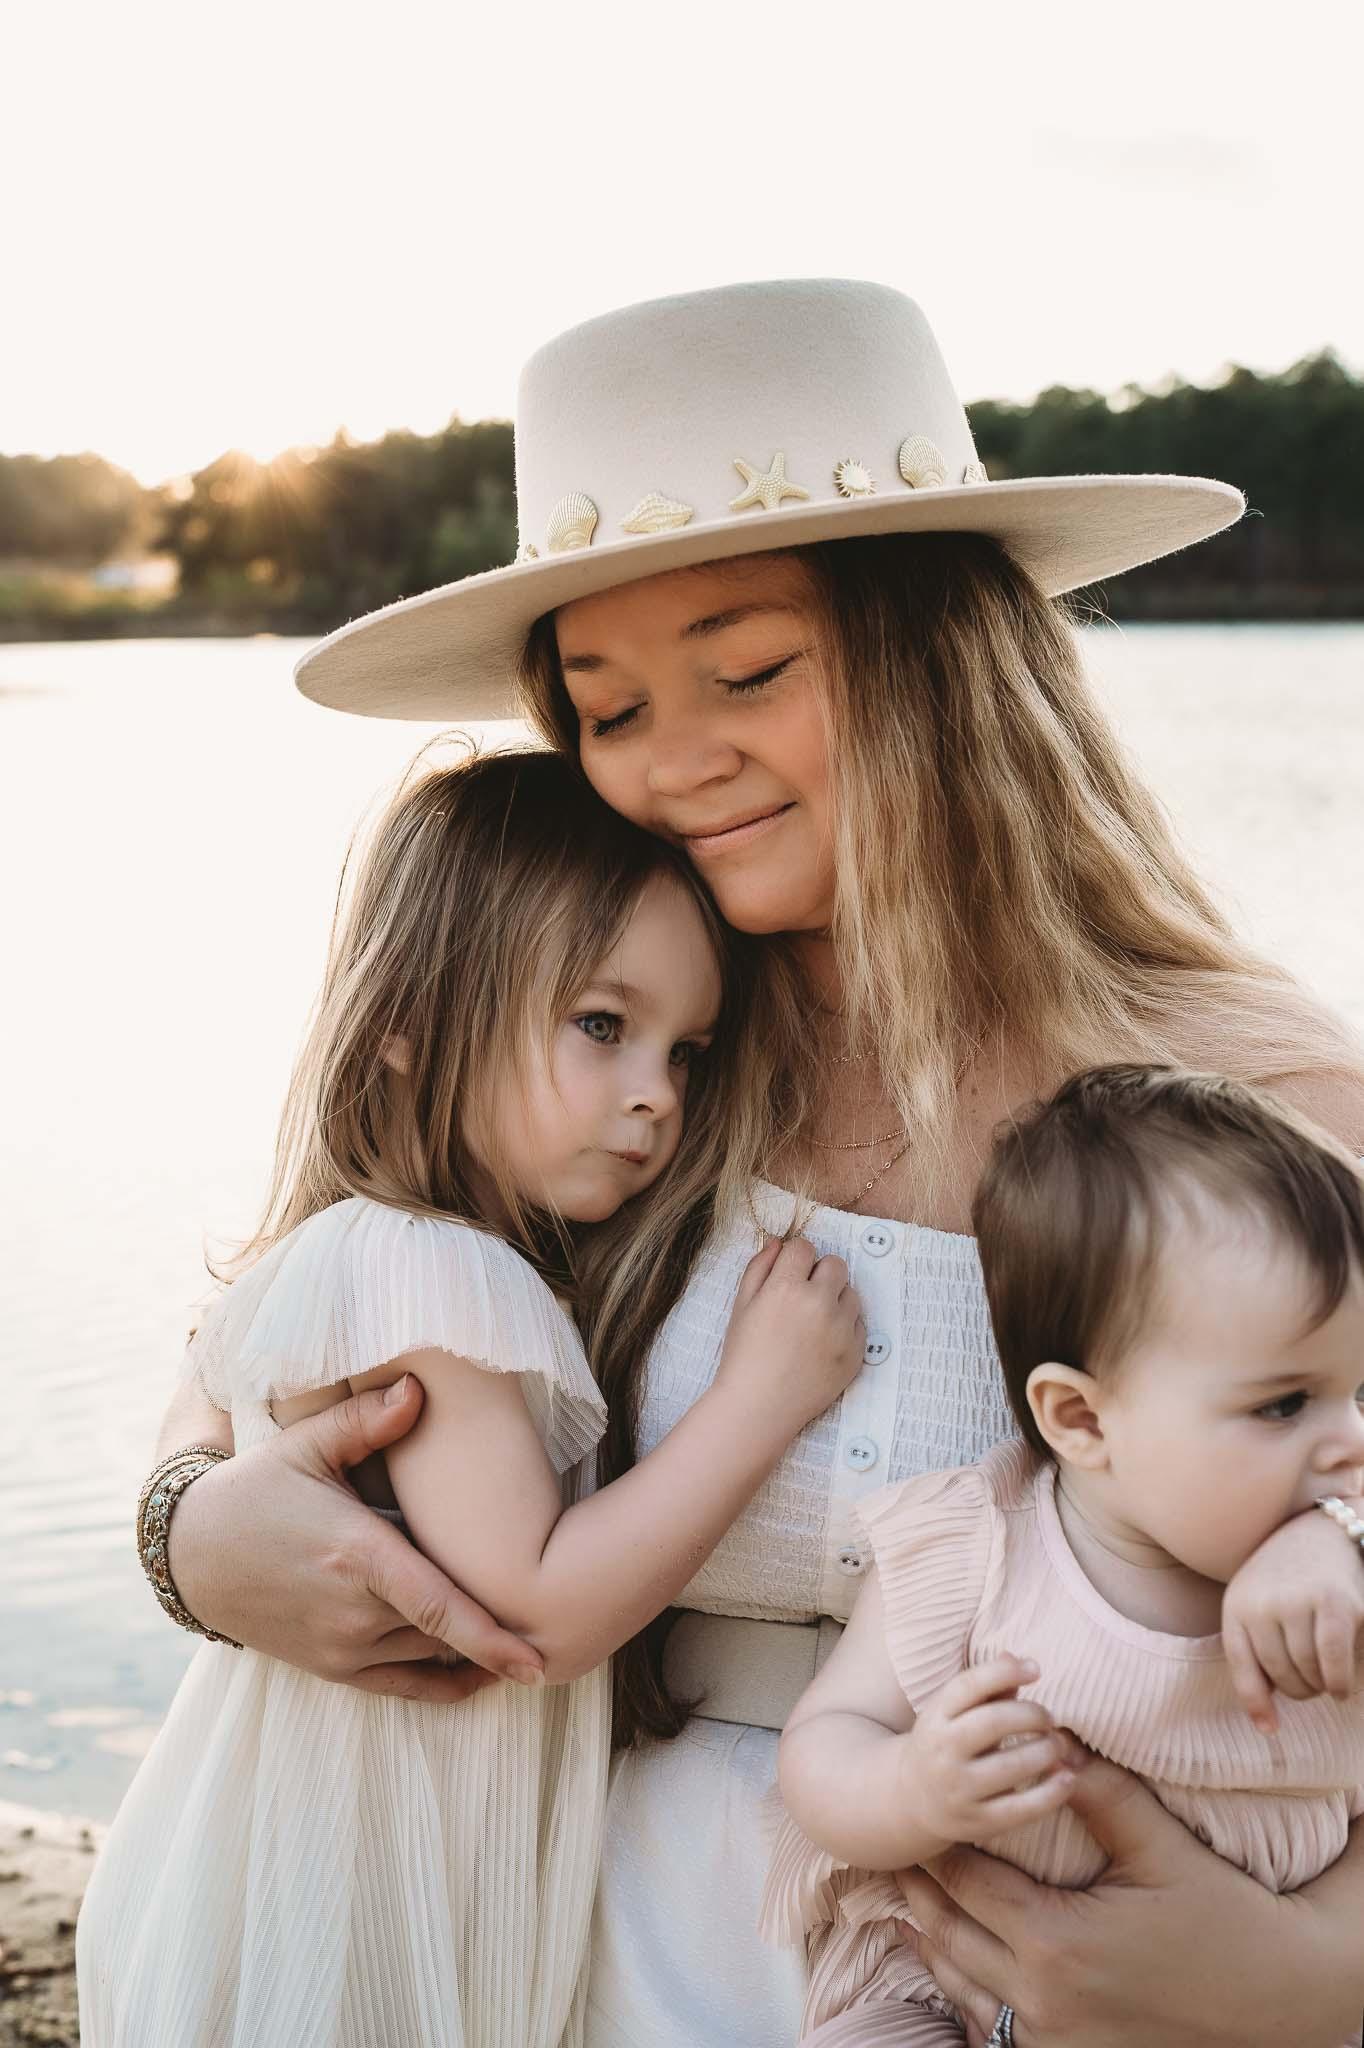 Nicki Odom Mother's Day Gift Ideas
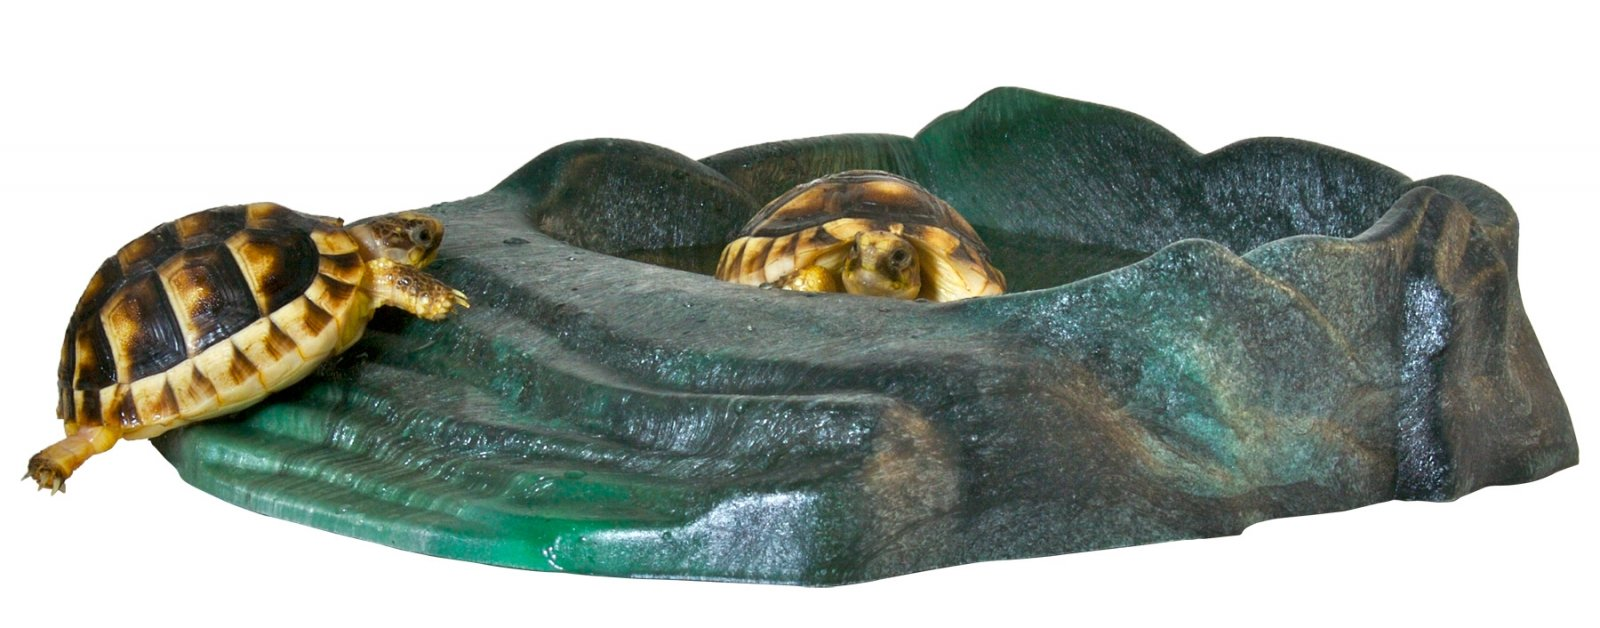 RRB-11-turtles
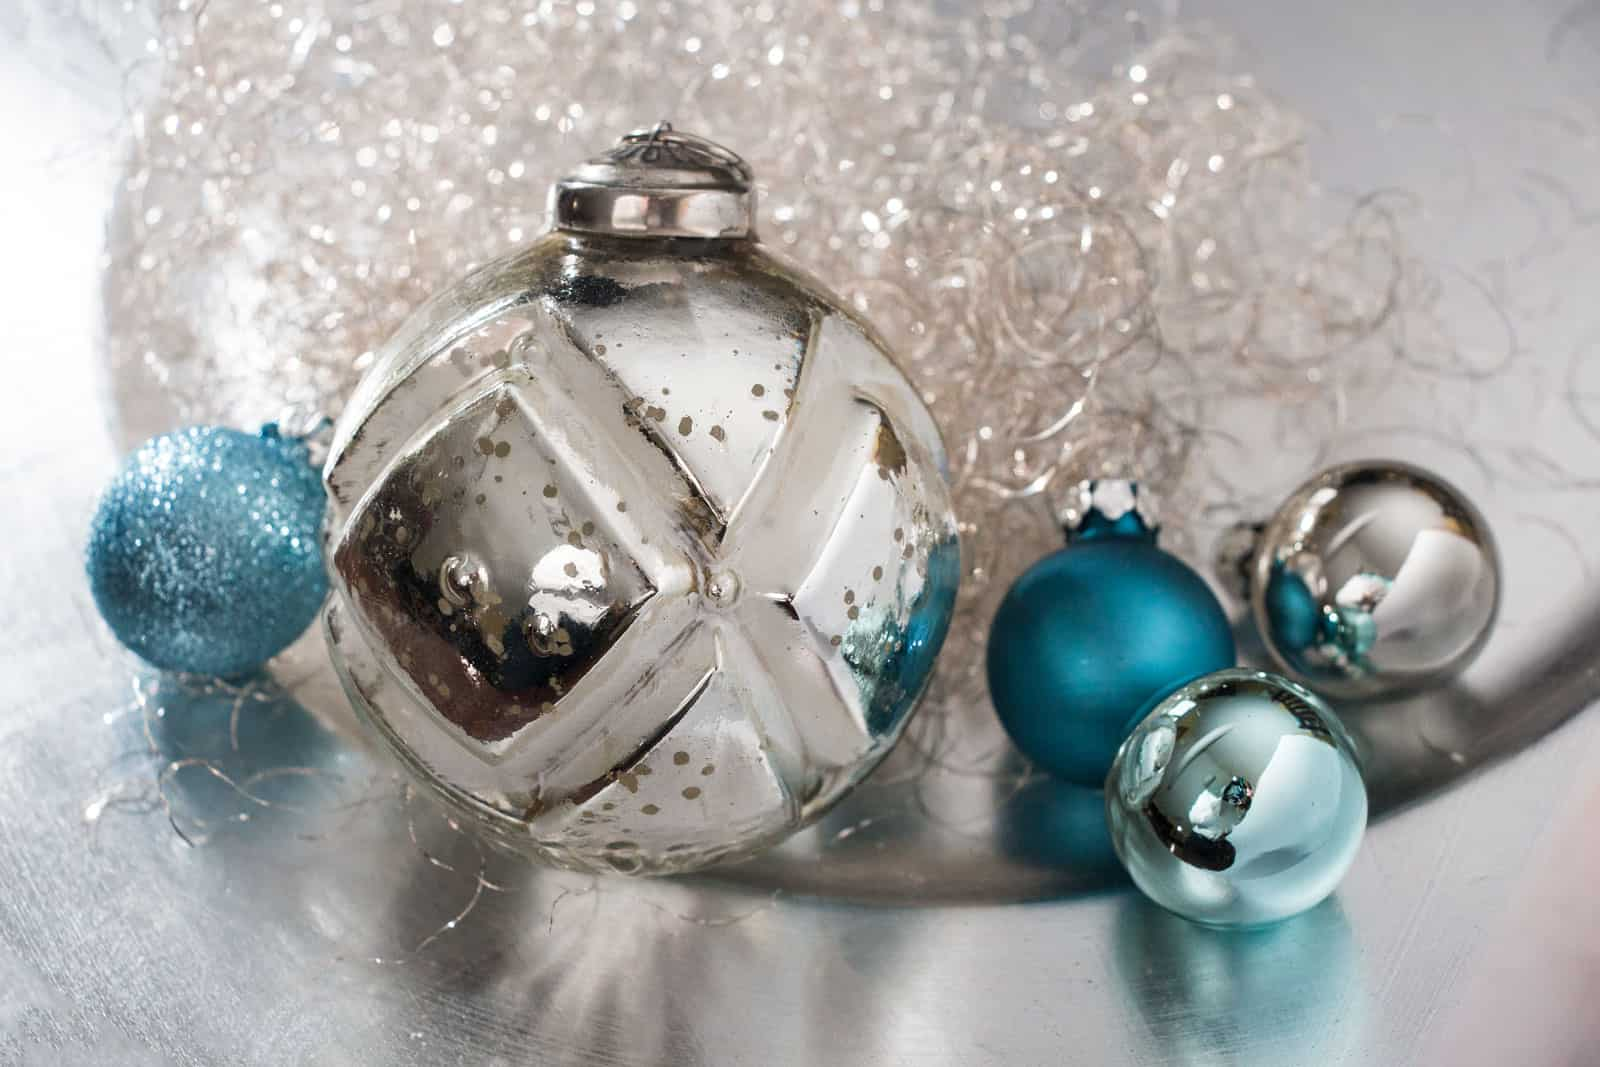 Wallpaper Hd Mickey Mouse Weihnachtskugeln Blau Christbaumkugeln In Blaut 246 Nen

**Exercise brief**
Copy the material exactly as written and leave every picture behind.

**Exercise answer**
 Nicki Odom Mother's Day Gift Ideas
 RRB-11-turtles
 Wallpaper Hd Mickey Mouse Weihnachtskugeln Blau Christbaumkugeln In Blaut 246 Nen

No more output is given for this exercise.